In Homegoing, Yaa Gyasi traces two branches of a family line for three hundred years from Ghana to America and back. The roots of this line are seated in tragedy and trauma born of fire and war, water and slavery. Each chapter features another piece of the family tree, contending with the aftermath of decisions made long before them and forces increasingly beyond their control. These stories trace the history of the slave trade in Africa and Britain and then America, the colonization of Ghana, and the battles, physical and cultural, being fought in all of these lands. Simultaneously, Gyasi is heart wrenchingly exploring the ways trauma manifests in individuals and the ways that trauma is carried through family. I don’t know that I have ever read such a beautifully horrific yet accurate accounting of intergenerational trauma. In particular, Gyasi’s ability to layer the realities of inherited trauma with more: the impacts of systematic violence, the legacy of slavery in the communities of Ghana and America, and the cultural violence that forced migration wreaks, is brilliant.

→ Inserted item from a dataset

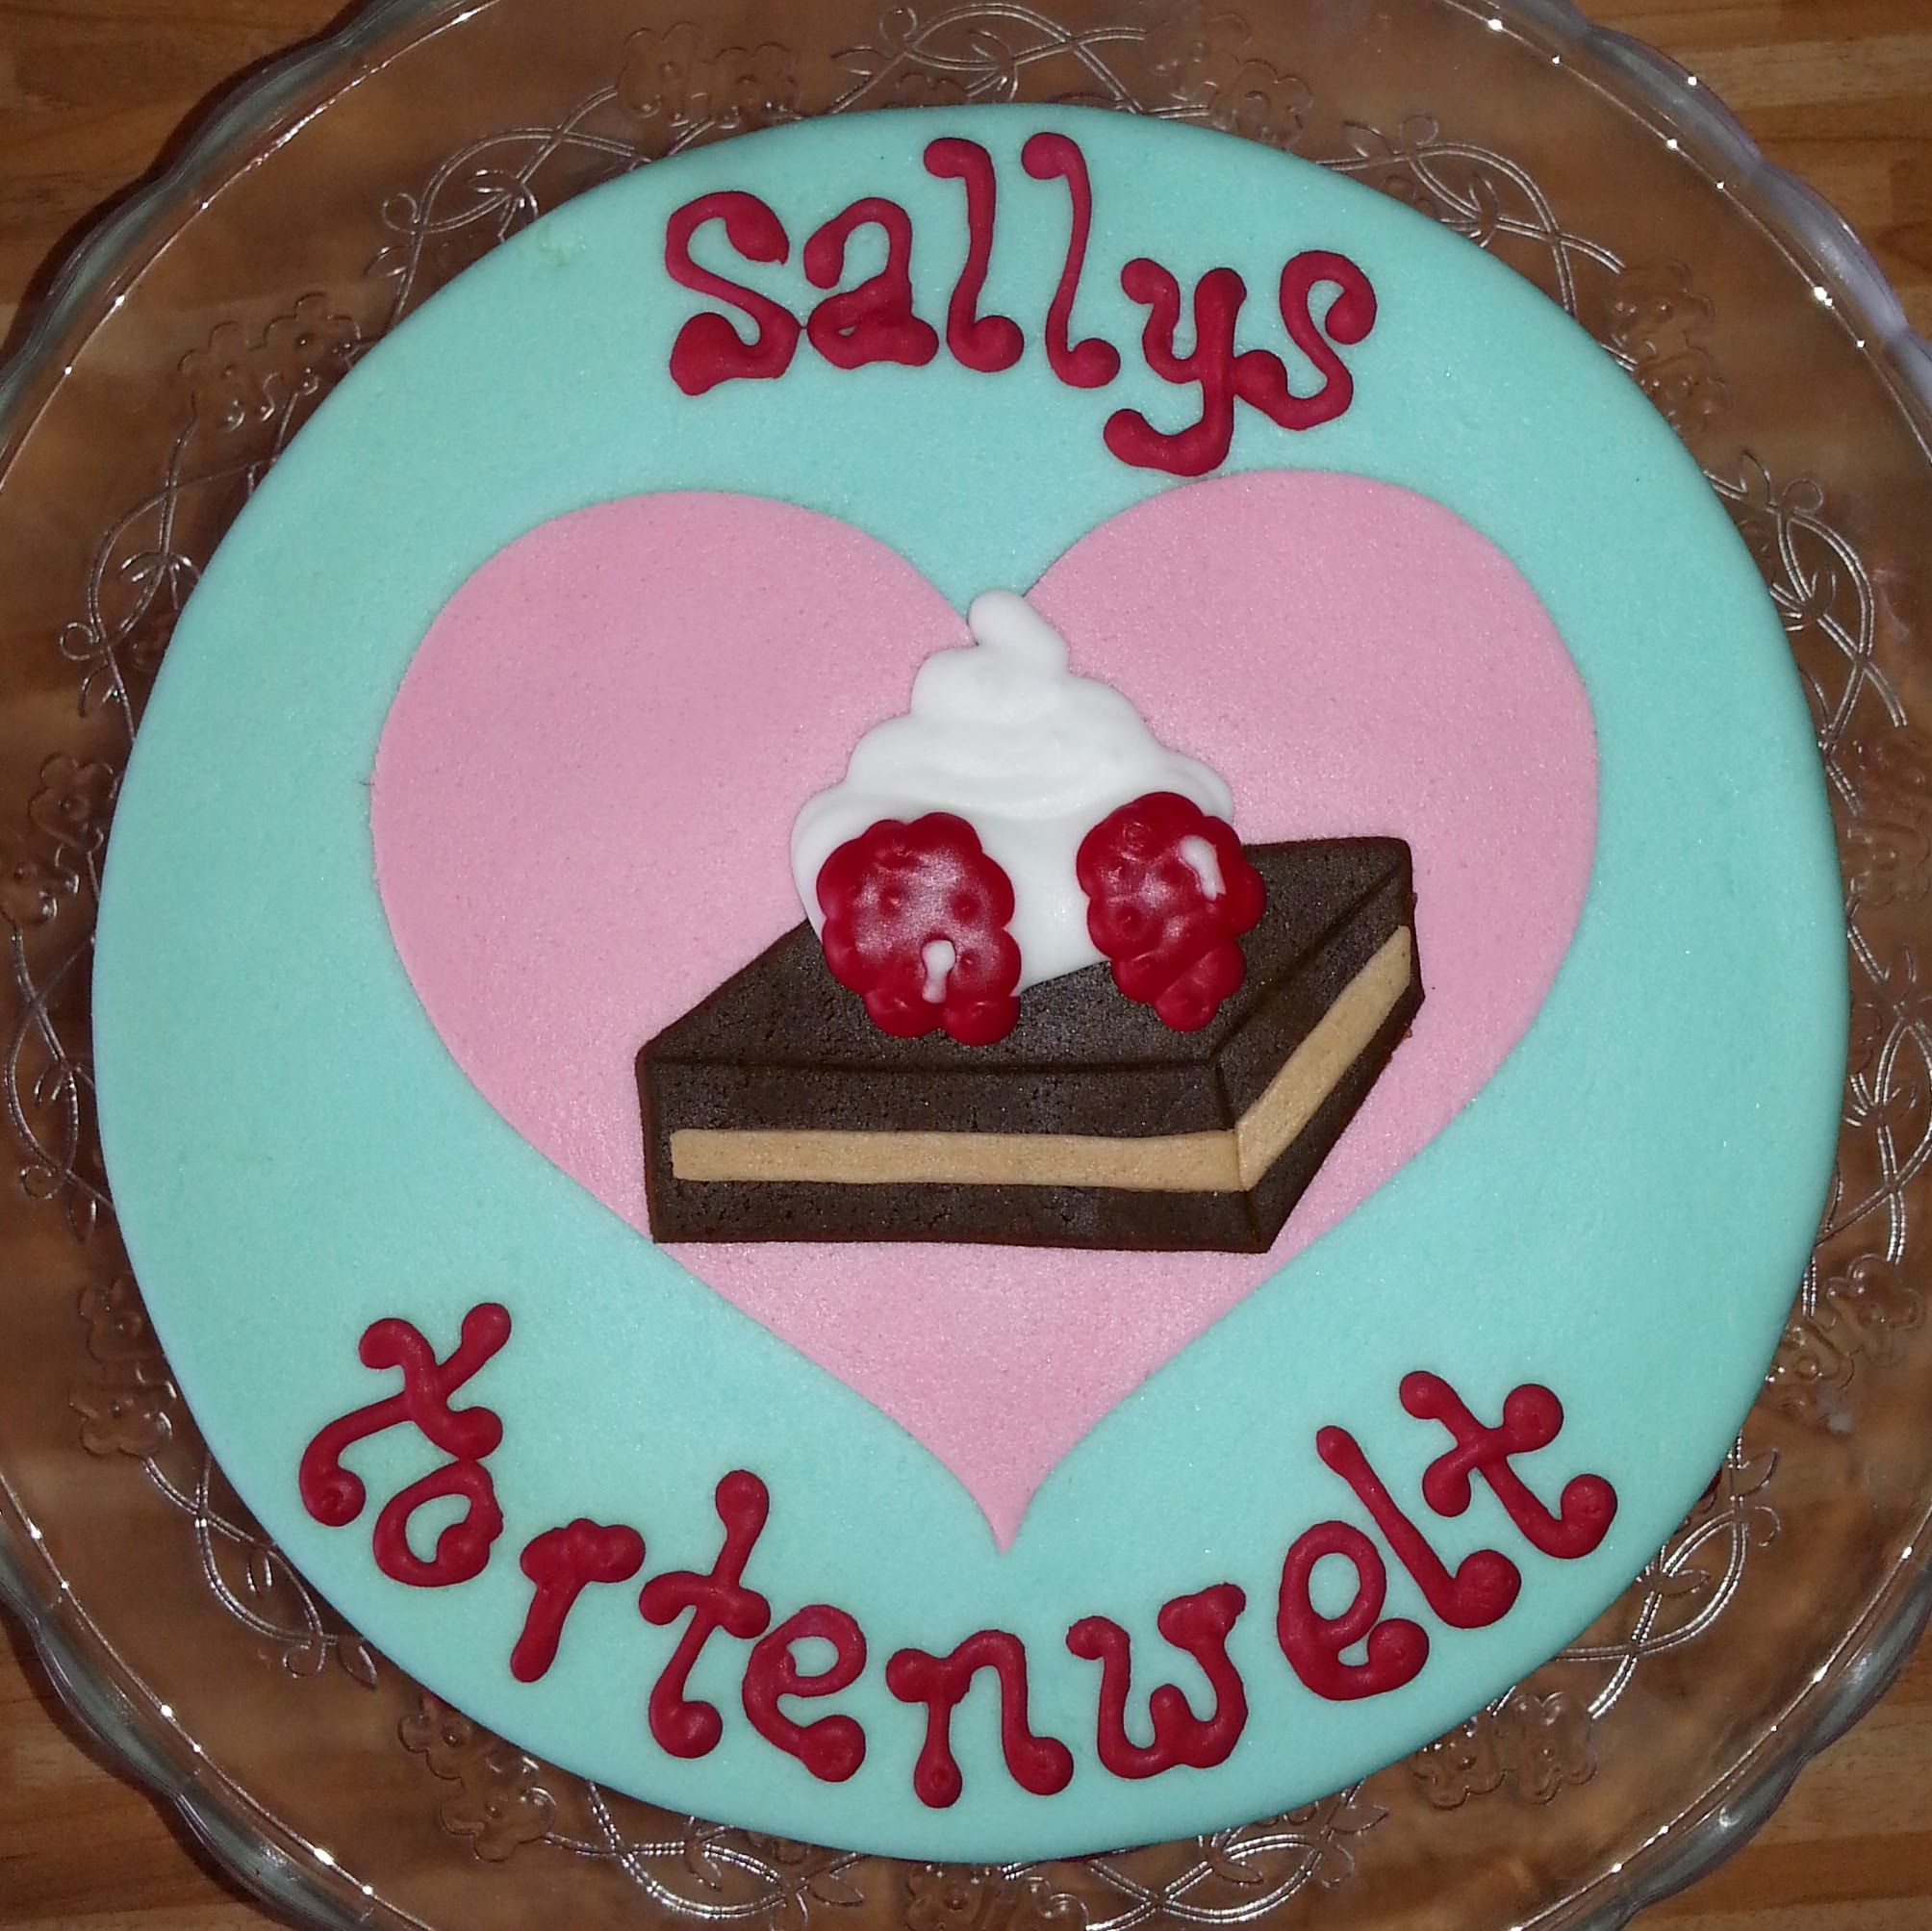 Sallys zitronenkuchen

I couldn’t put this book down. I highly recommend it, especially given the current social and political climate. Knowing that there are people (specifically Americans) today who still don’t understand how trauma works is mind boggling. Even more mind boggling is short sightedness regarding slavery’s (both ancient and modern such as the prison industrial complex) impact on families and communities, how our society is built around this trauma and constantly reinforcing it. I can’t think of many better books to read to illustrate those ideas in a way that is %110 accessible and engaging and, of course, heart breaking.
Also, I don’t cry a lot when I read and this book made me cry several times.